MTTR (Mean Time to Recover)	Average time from incident detection to resolution. This is the primary measure of your team's response efficiency.
Incident Count	Total number of incidents over a given period, broken down by severity, service, and status.
Uptime Percentage	Calculated from incident duration relative to total monitored time. Displayed on status pages and dashboards.

Post-Incident Analysis

After an incident is resolved, upti.my provides tools for post-incident analysis. Each incident includes a dedicated notes section where your team can document root cause, contributing factors, and action items. This helps your team learn from incidents and improve reliability over time.

Root cause documentation - Record what caused the incident and how it was identified
Contributing factors - Document environmental or systemic factors that contributed to the issue
Action items - Track follow-up tasks to prevent recurrence
Timeline review - Review the complete incident timeline to identify response bottlenecks
Metric comparison - Compare MTTD and MTTR against your team's historical averages

ℹ️ Blameless Post-Mortems

upti.my encourages blameless post-incident analysis. Focus on systemic improvements rather than individual blame. The incident timeline and metrics provide objective data points for identifying process improvements and automation opportunities.

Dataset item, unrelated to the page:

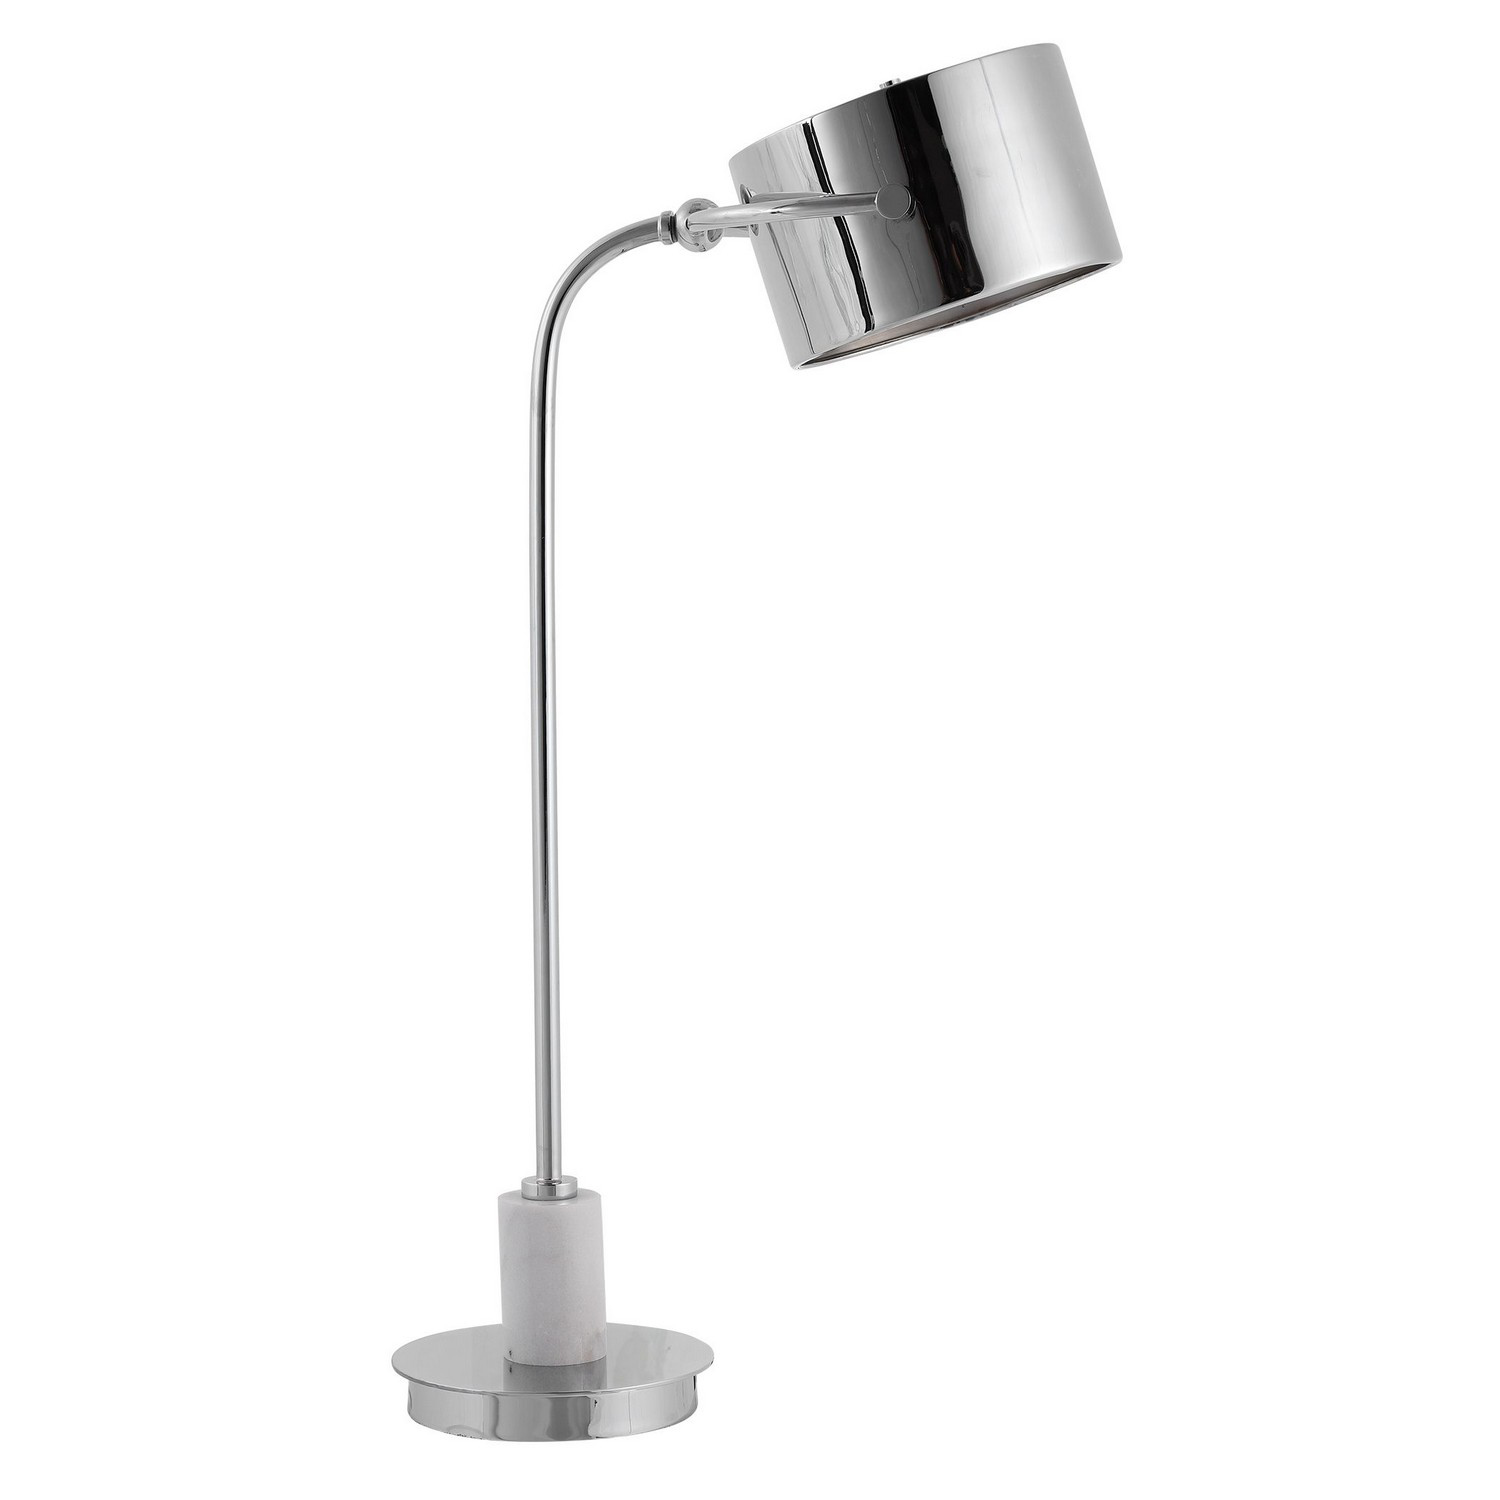 Uttermost Mendel Contemporary Desk Lamp

Creating Incidents Manually

While most incidents are created automatically by incident conditions, you can also create incidents manually from the dashboard. Click "Create Incident" and fill in the title, description, severity, and affected services. Manual incidents support all the same features: lifecycle tracking, timeline, affected services, status page publishing, and metrics.

⚠️ Duplicate Prevention

Before creating a manual incident, check the active incidents list to ensure a related incident does not already exist. If a related incident is open, add your findings as a status update to the existing incident instead of creating a new one.